After months of sideways trading and doubt around Chinese EV manufacturers, NIO is showing signs of a serious comeback. Fresh data and chart patterns suggest investor sentiment is shifting, with the ONVO L90 production boost potentially marking the start of the company's most profitable chapter to date.
NIO Ramps Up ONVO L90 Production by 50%
Trader Jaime WorldCitizen recently highlighted that NIO has expanded ONVO L90 production capacity by half, signaling a major operational push as the year winds down. If projections hold, Q4 could be the strongest quarter in NIO's history, with deliveries expected to hit over 40,000 in October, 50,000 in November, and 60,000 in December.
That kind of pace could finally push the company into sustained profitability. The ONVO L90, a new SUV in NIO's premium range, has quickly become central to the company's growth plan.
Strong home market demand, supportive government policies, and better battery supply have given NIO the tools to compete more aggressively with heavyweights like BYD and Tesla.

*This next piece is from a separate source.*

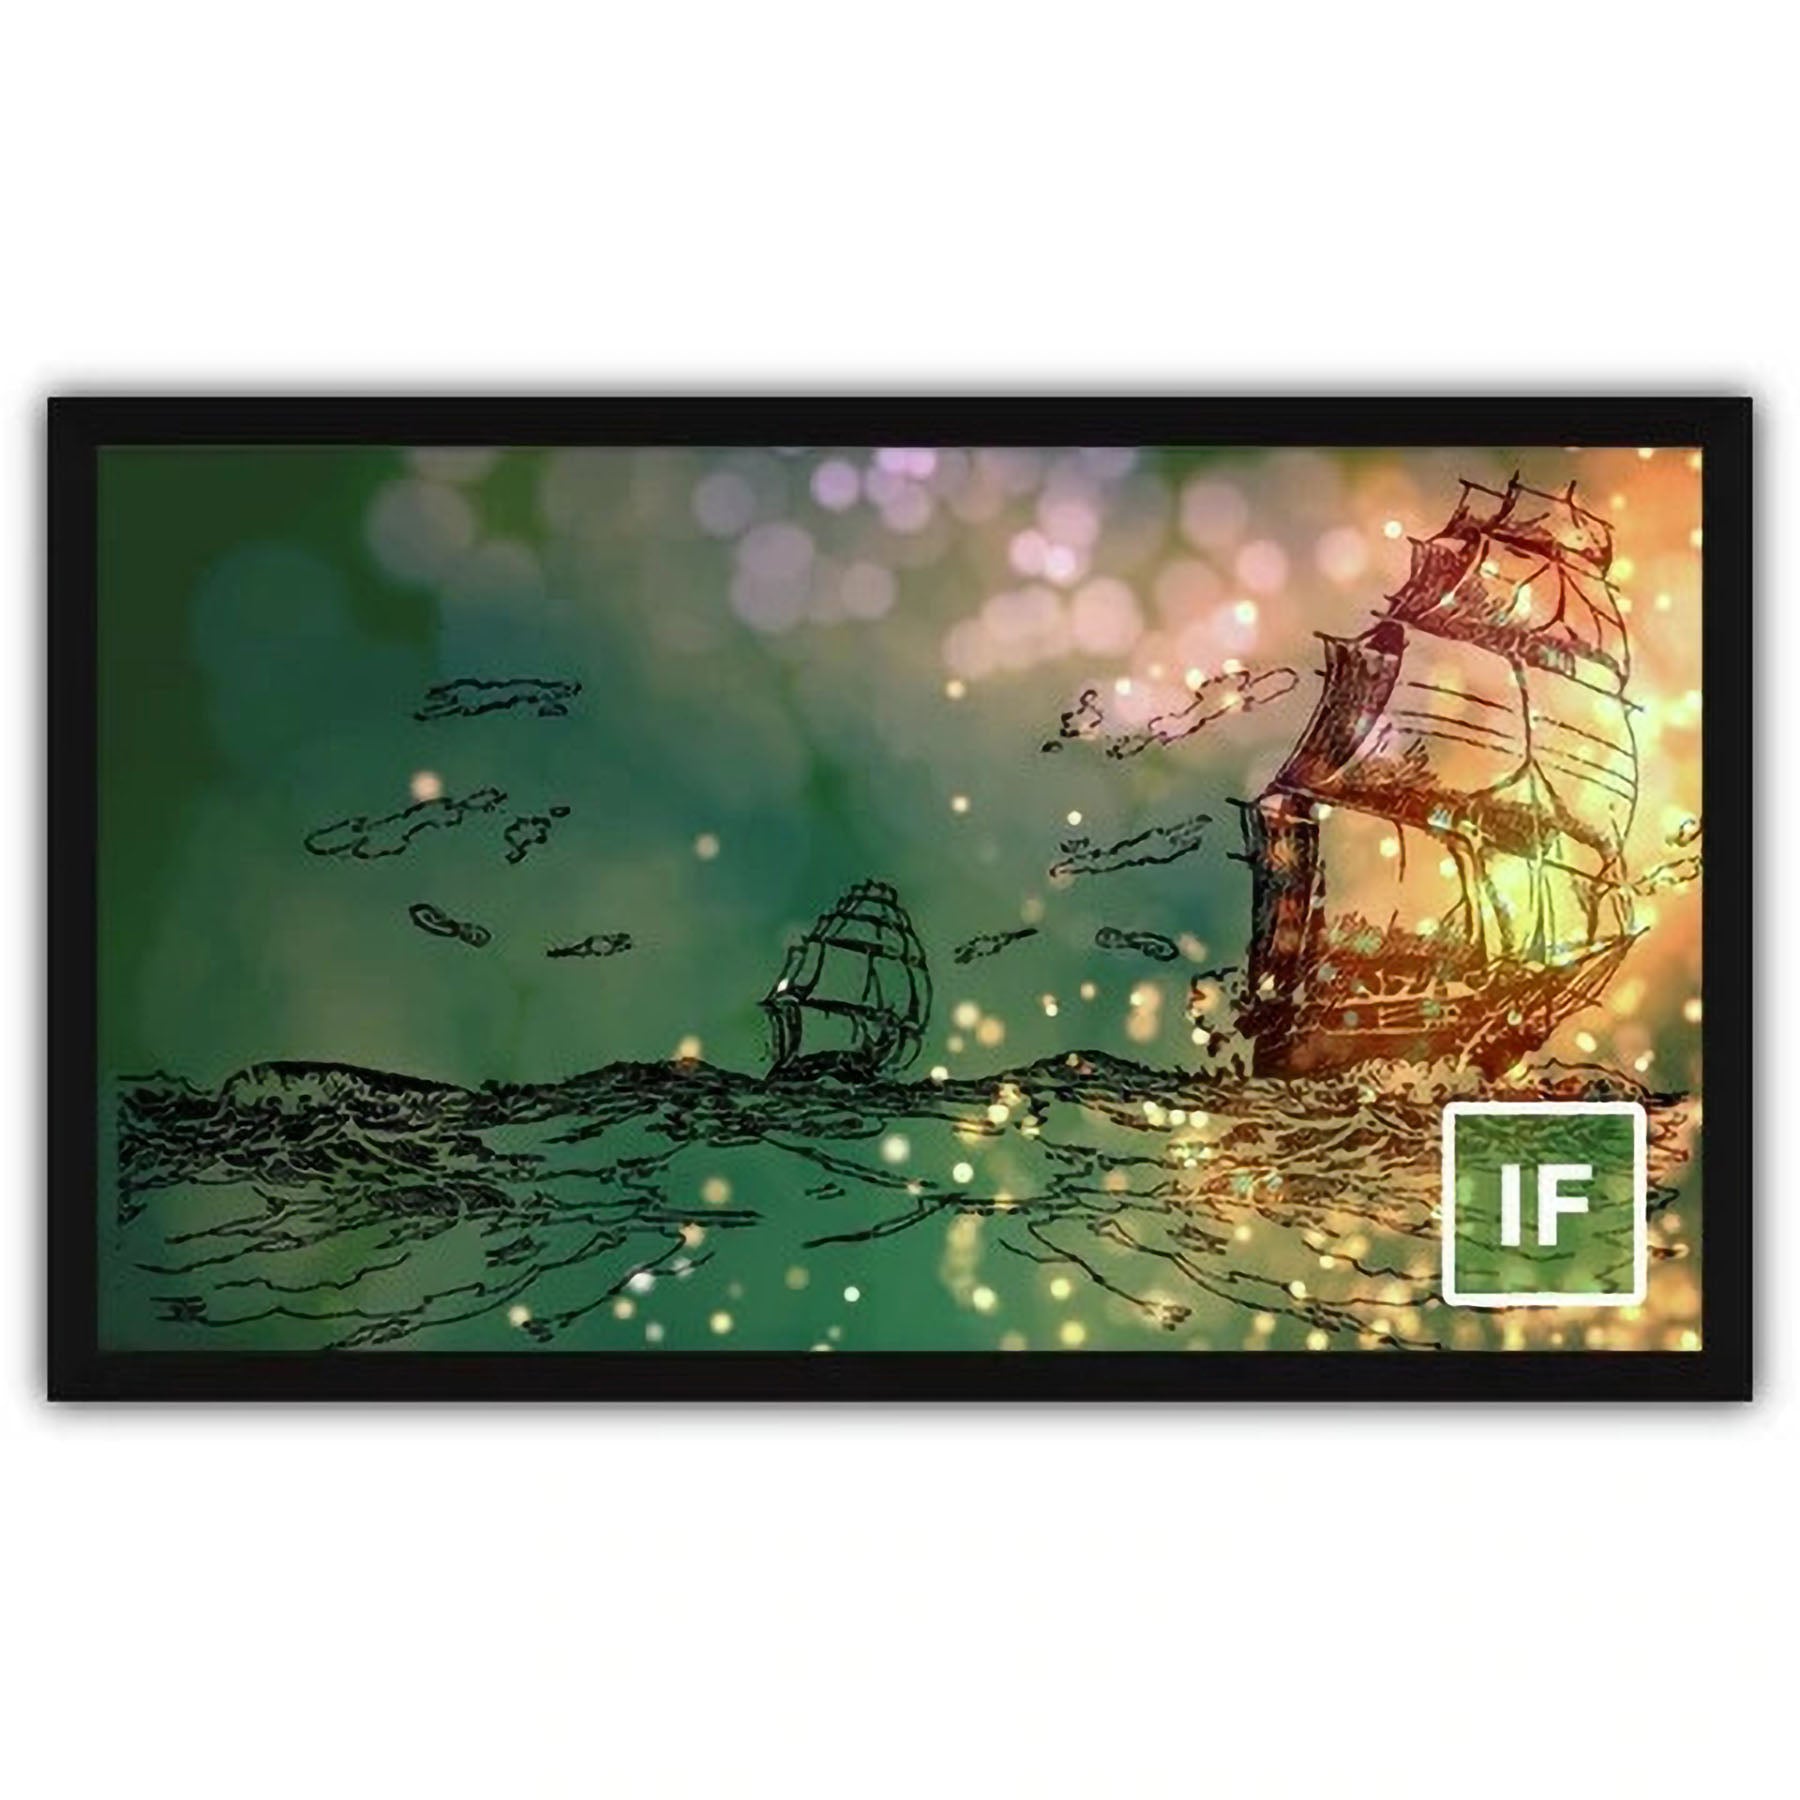 Severtson Screens Impression Series 2.35:1 113-inch Fixed Frame Projection Screen
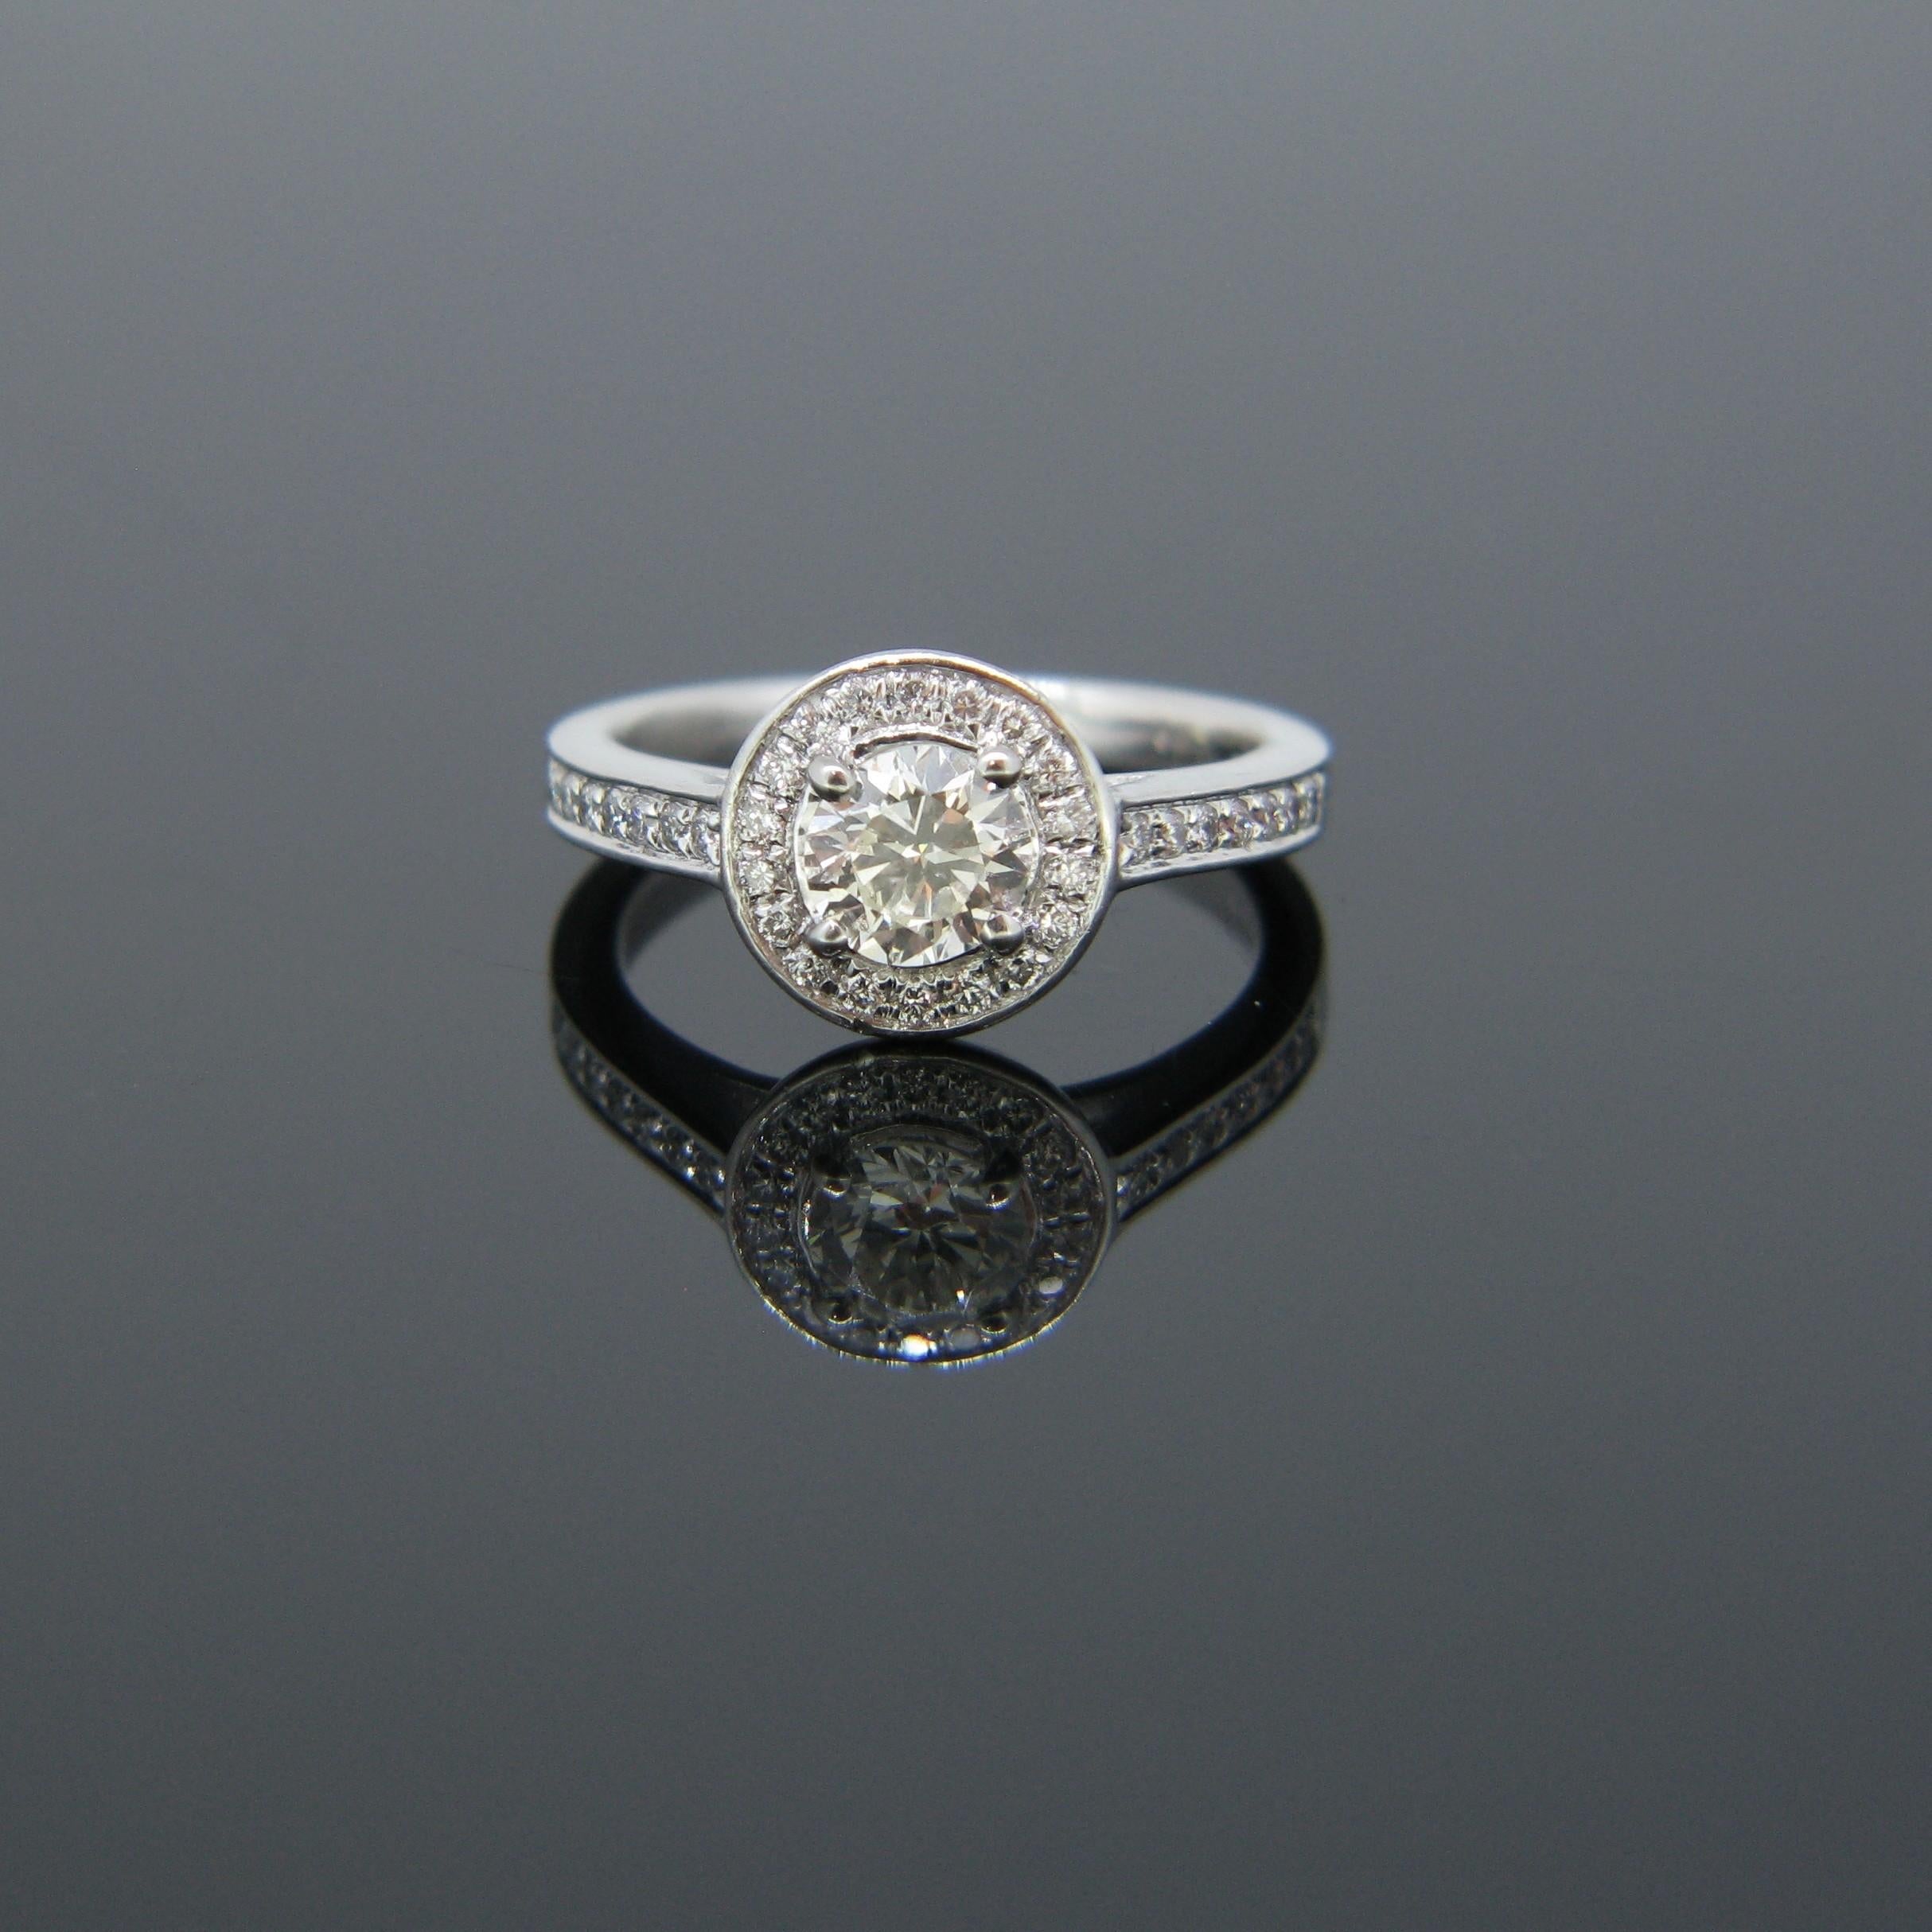 This ring is made in platinum. It is set in its centre with a round brilliant cut diamond weighing 0.63ct with colour K and clarity VS1. It is surrounded and adorned on each side with brilliant cut diamonds with a total carat weight of 0.27ct. It is

Chart Analysis: Uptrend Building Momentum
The chart shows NIO stock climbing out of a long consolidation near $6–$7 and gaining upward momentum. Price is now testing the $8.50–$9.00 resistance zone, where previous rallies lost steam earlier this year. Volume shows renewed interest, with accumulation matching the positive production news. The structure hints at an ascending channel forming, and if momentum holds, the next logical target sits around $10.00, a level that previously acted as resistance in 2024. Meanwhile, $7.00 now looks like solid support, and as long as that holds, the medium-term technical picture stays bullish.
Path Toward Profitability
NIO's capacity expansion is part of a broader strategy focused on domestic manufacturing efficiency and supply chain optimization. While China's EV market remains fiercely competitive, the company's recent performance, major partnerships, and government backing show strategic resilience. If NIO delivers over 150,000 vehicles in Q4, it won't just be a production win but a financial turning point, potentially marking its first fully profitable period since 2021.